Queria acima de tudo levar o espectador a uma imersão neste mundo, que ele se transforme naquela criança que estamos a ver. Era uma urgência para mim manter-me sempre no olhar daquela menina, limitando-a. Quando somos crianças, olhamos para as coisas de forma diferente. Muitos de nós já regressamos como adultos a estes espaços e parece-nos tudo pequeno, mas naquela altura tudo era enorme. Era muito importante para mim fazer o espectador participar nos eventos, recriando através da criança tudo o que acontece em seu torno. É a criança que guia a mise-en-scène.
E como foi a sua pesquisa para mergulhar neste mundo. Voltou às escolas? Falou com crianças e psicólogos?
Acima de tudo observei, em particular, a mediação de conflitos entre crianças. Não falei muito com psicólogos, embora tenha contactado com um especialista do meu país. As mediações a que tive acesso eram super-interessantes, especialmente no que concerne à catalogação dos jovens e os mecanismos do bullying, ou seja, o perpetrador e a vítima. O que observei é que qualquer um dos jovens tem de passar por esses estados diferentes para entender o que sente o outro e ter empatia por ele.
Como eu disse anteriormente, existe qualquer coisa de filme de guerra no “Recreio”, mas igualmente de filme de terror psicológico. A todo o momento sentimos que algo terrível vai acontecer. Como criou esse ambiente, ou seja, era algo já muito detalhado no guião ou foi algo que teve maior incidência na montagem?
Fala-se muitas vezes em thriller e filme de terror, mas a verdade é que nunca pensei no meu filme nesses termos. Porém, acho super interessante as pessoas verem assim as coisas, pois significa que consegui mostrar – como queria – a angústia. E não queria apenas mostrar essa angústia, porque quando somos crianças temos igualmente muitos momentos leves e descontraídos. Na infância, especialmente a que vimos aqui retratada, existe a crueldade, mas igualmente poesia.
A interpretação da pequena Maya Vanderbeque é impressionante. Como a encontrou?
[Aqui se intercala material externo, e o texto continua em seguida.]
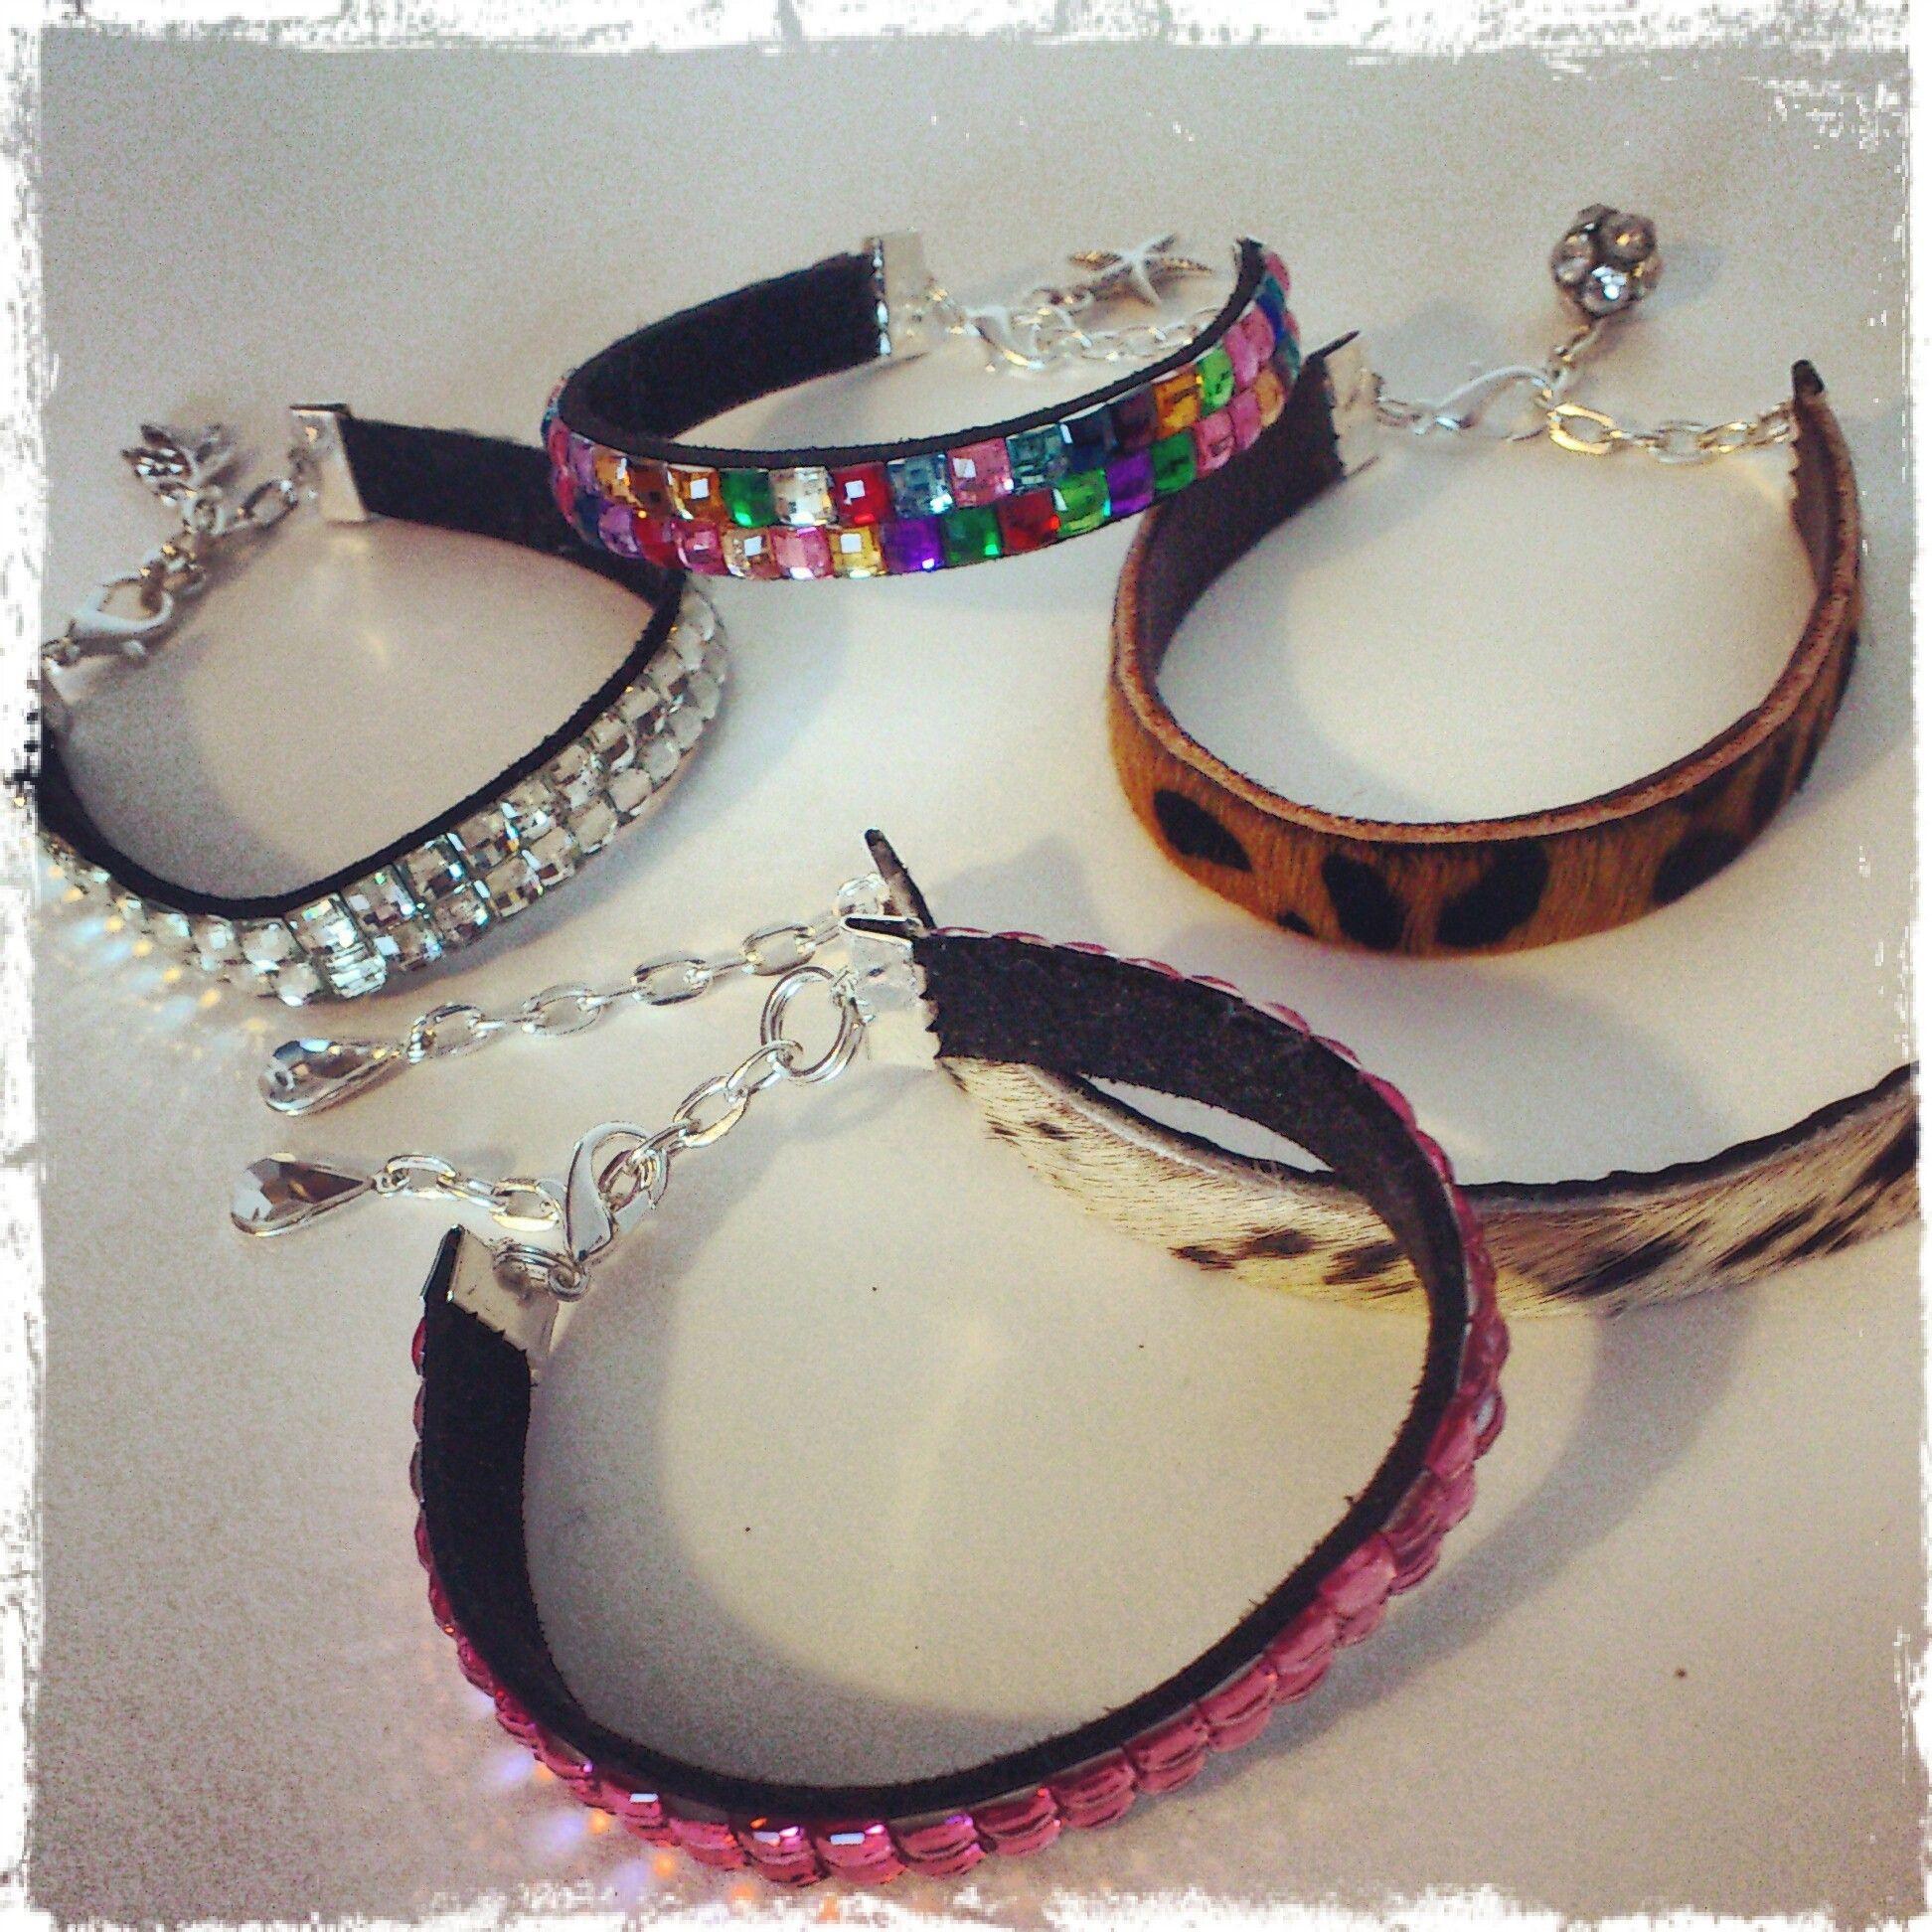 bracelet pulseras fashion bisuteria jewelry shine handmade shuuforyou leopard glitter style accessories accesorios

Fizemos um casting. Ela nunca tinha atuado e o que achei mais interessante – especialmente porque tinha 7 anos – é que ela disse-me diretamente que “ia usar toda a sua força para este filme”. Fiquei impressionada com essa frase e a sua voluntariedade durante as filmagens foi incrível.
O que procurava no casting não era uma repetição de frases do guião, mas sim encontrar o que as crianças podiam trazer para as personagens. A força da câmara é essa, captar coisas que não vemos à partida. Nela vi coisas incríveis.
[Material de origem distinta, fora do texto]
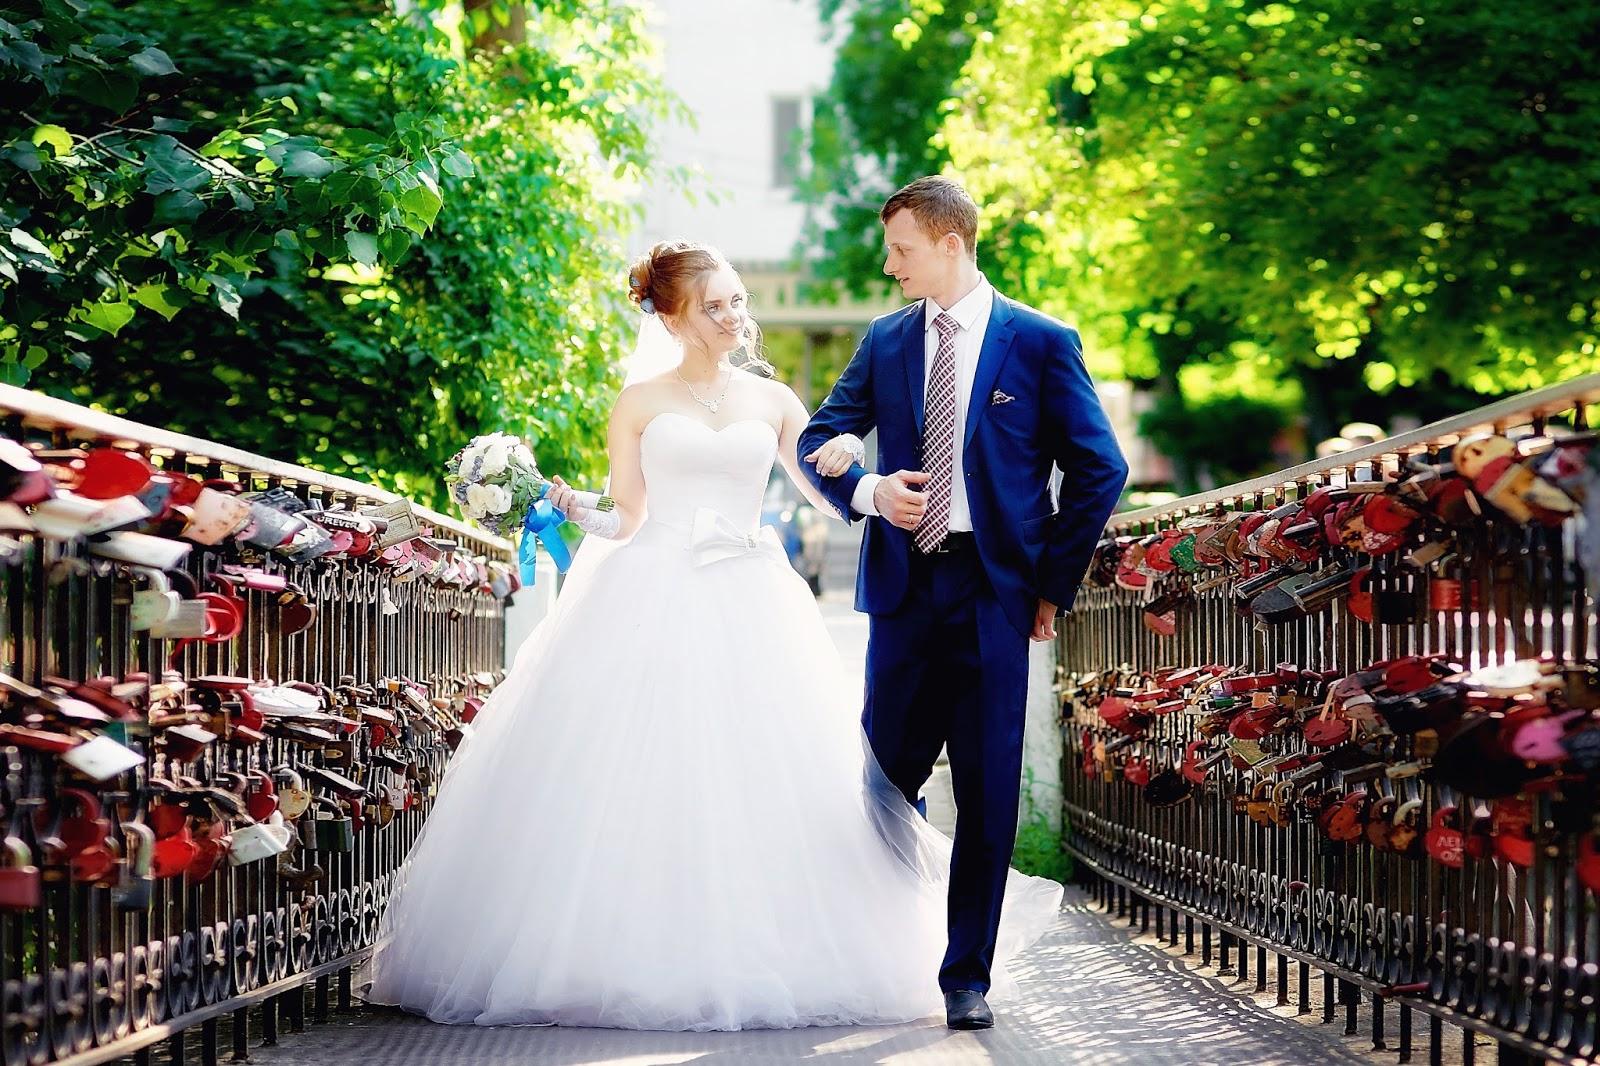 Фото и видеосъемка свадьбы в ростове

Outra das suas opções curiosas foi nunca sair da escola, daquele espaço e das suas fronteiras. Temos apenas um elo de ligação exterior que é o pai das crianças, também ele notoriamente com alguns detalhes que nos levam a perceber um pouco da sua vida…
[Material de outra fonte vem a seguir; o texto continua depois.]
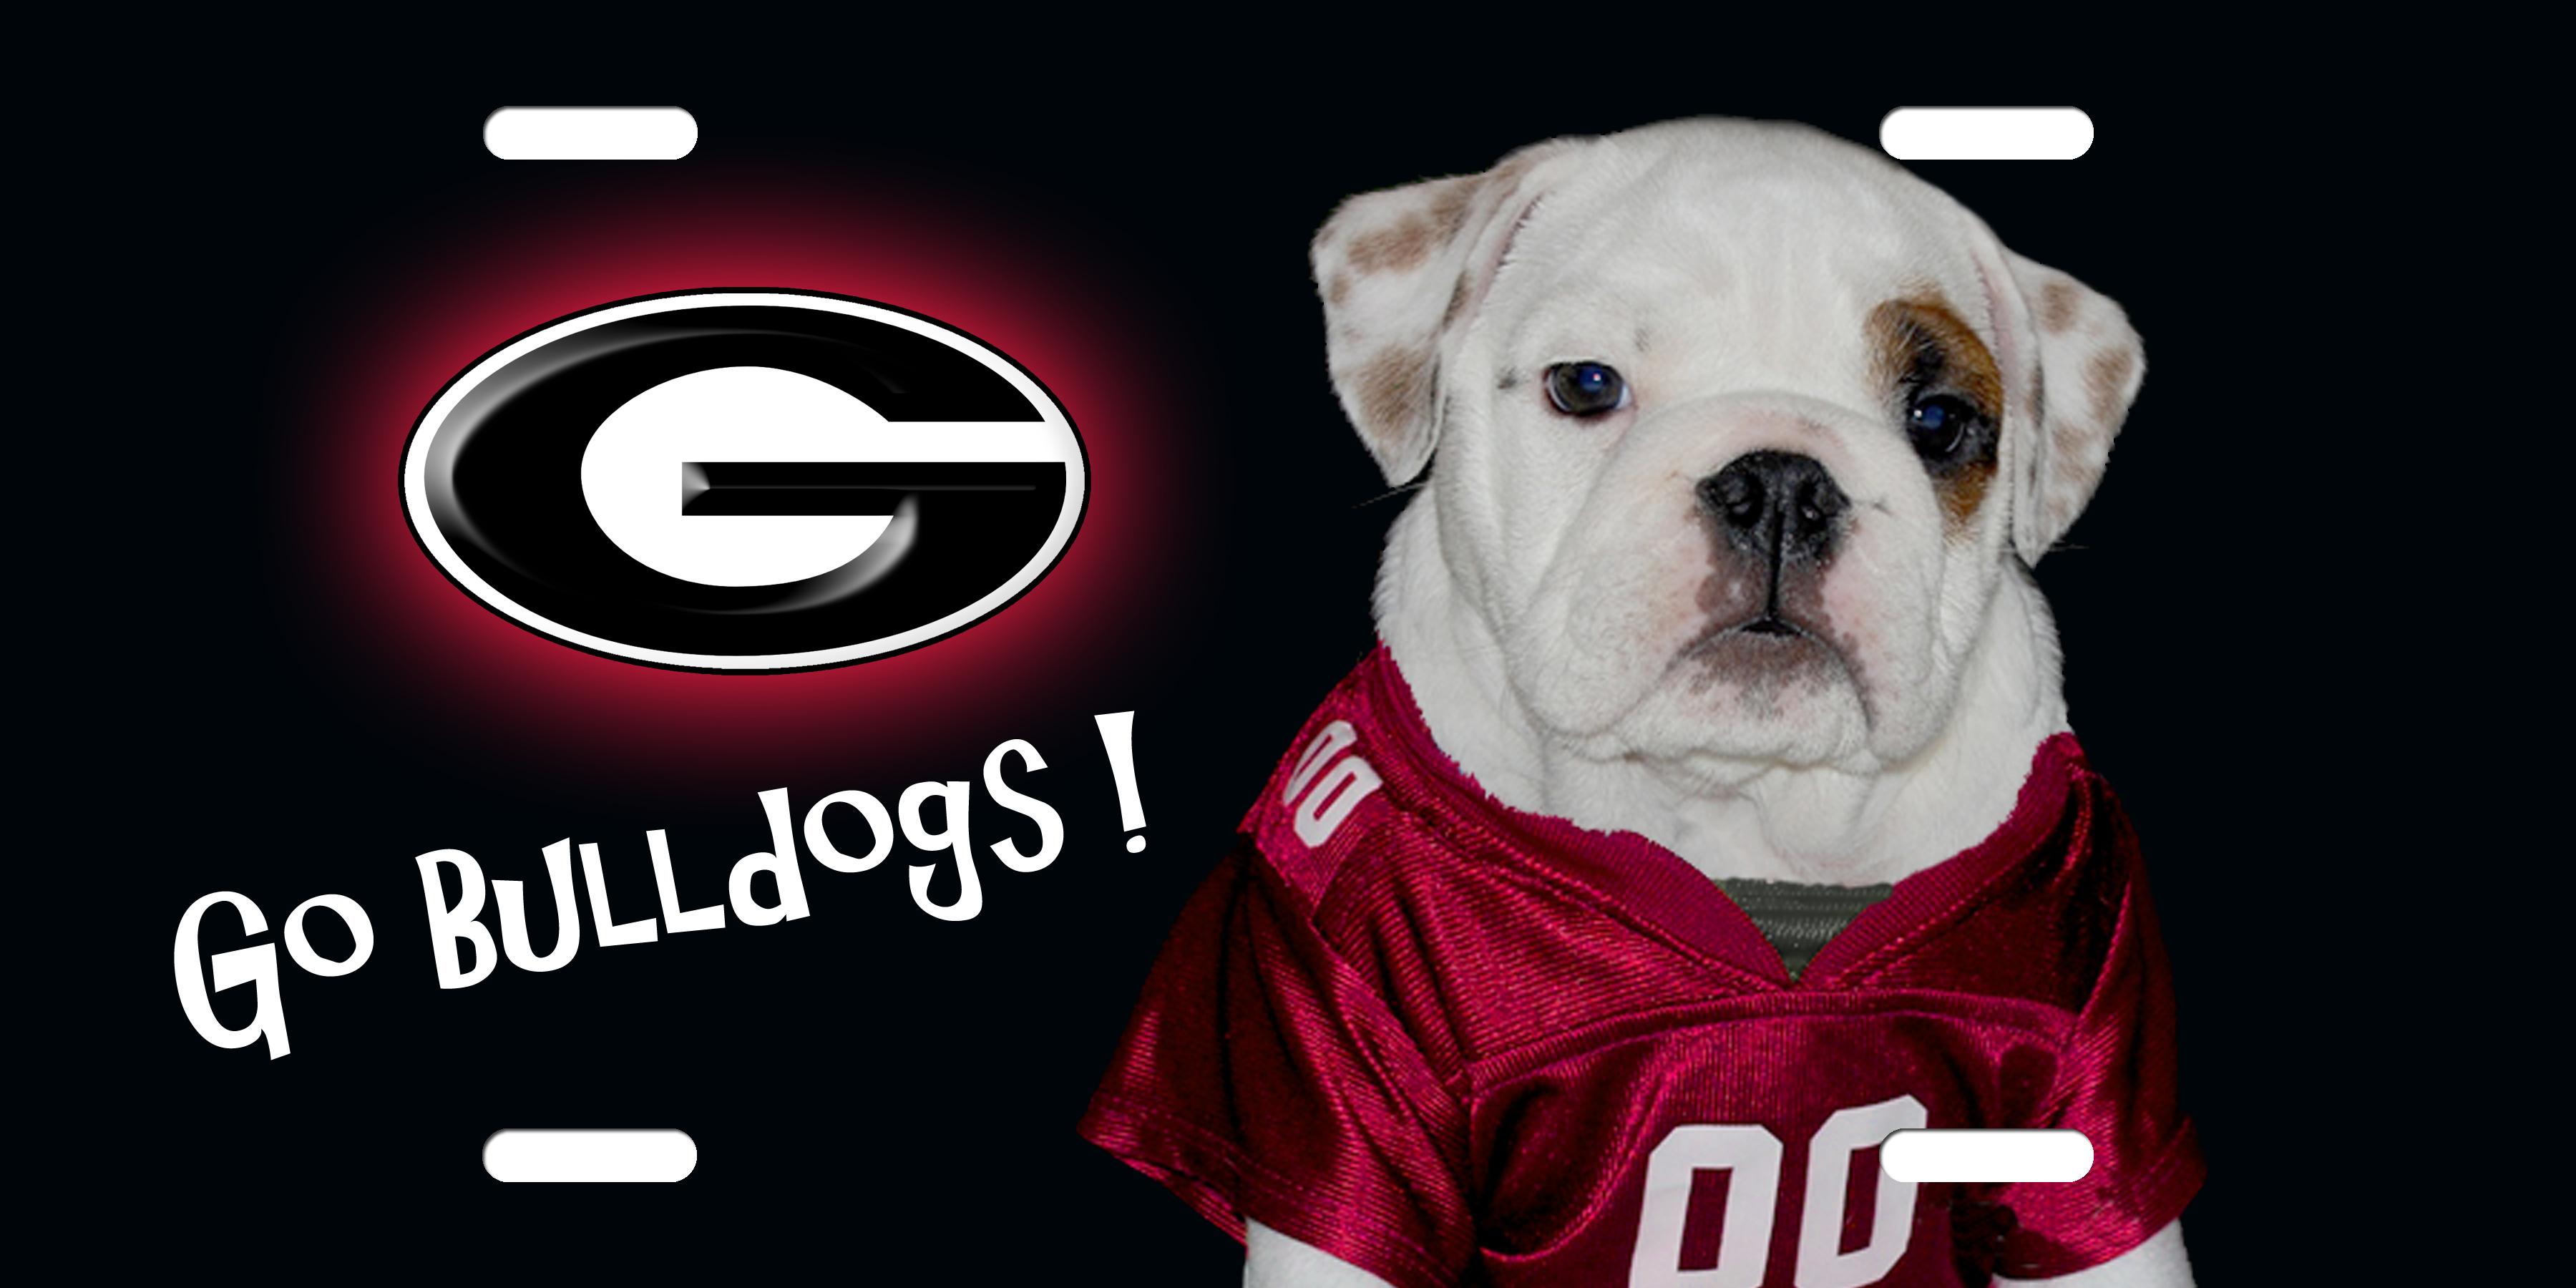 georgia bulldog License Plate georgia bulldog License Tag 3600x1800

Nessa questão do pai, voltamos à catalogação e etiquetagem a que as pessoas estão condenadas. Nós não sabemos muito dele, além de percebemos que está desempregado. Para os filhos, particularmente a Nora, tudo é normal, mas para os outros não é bem assim. Ora essa forma como os outros olham para o pai vai influenciar e mudar um pouco a perceção dela perante ele. Aqui voltamos igualmente ao tema da integração, que também afeta o irmão. (…) Uma das coisas que me interessa muito, até para o futuro, é partir do micro para o macro, sempre com uma personagem como ponto de partida. (…) o meu próximo filme vai voltar a focar-se num microcosmos, mas desta vez num hospital.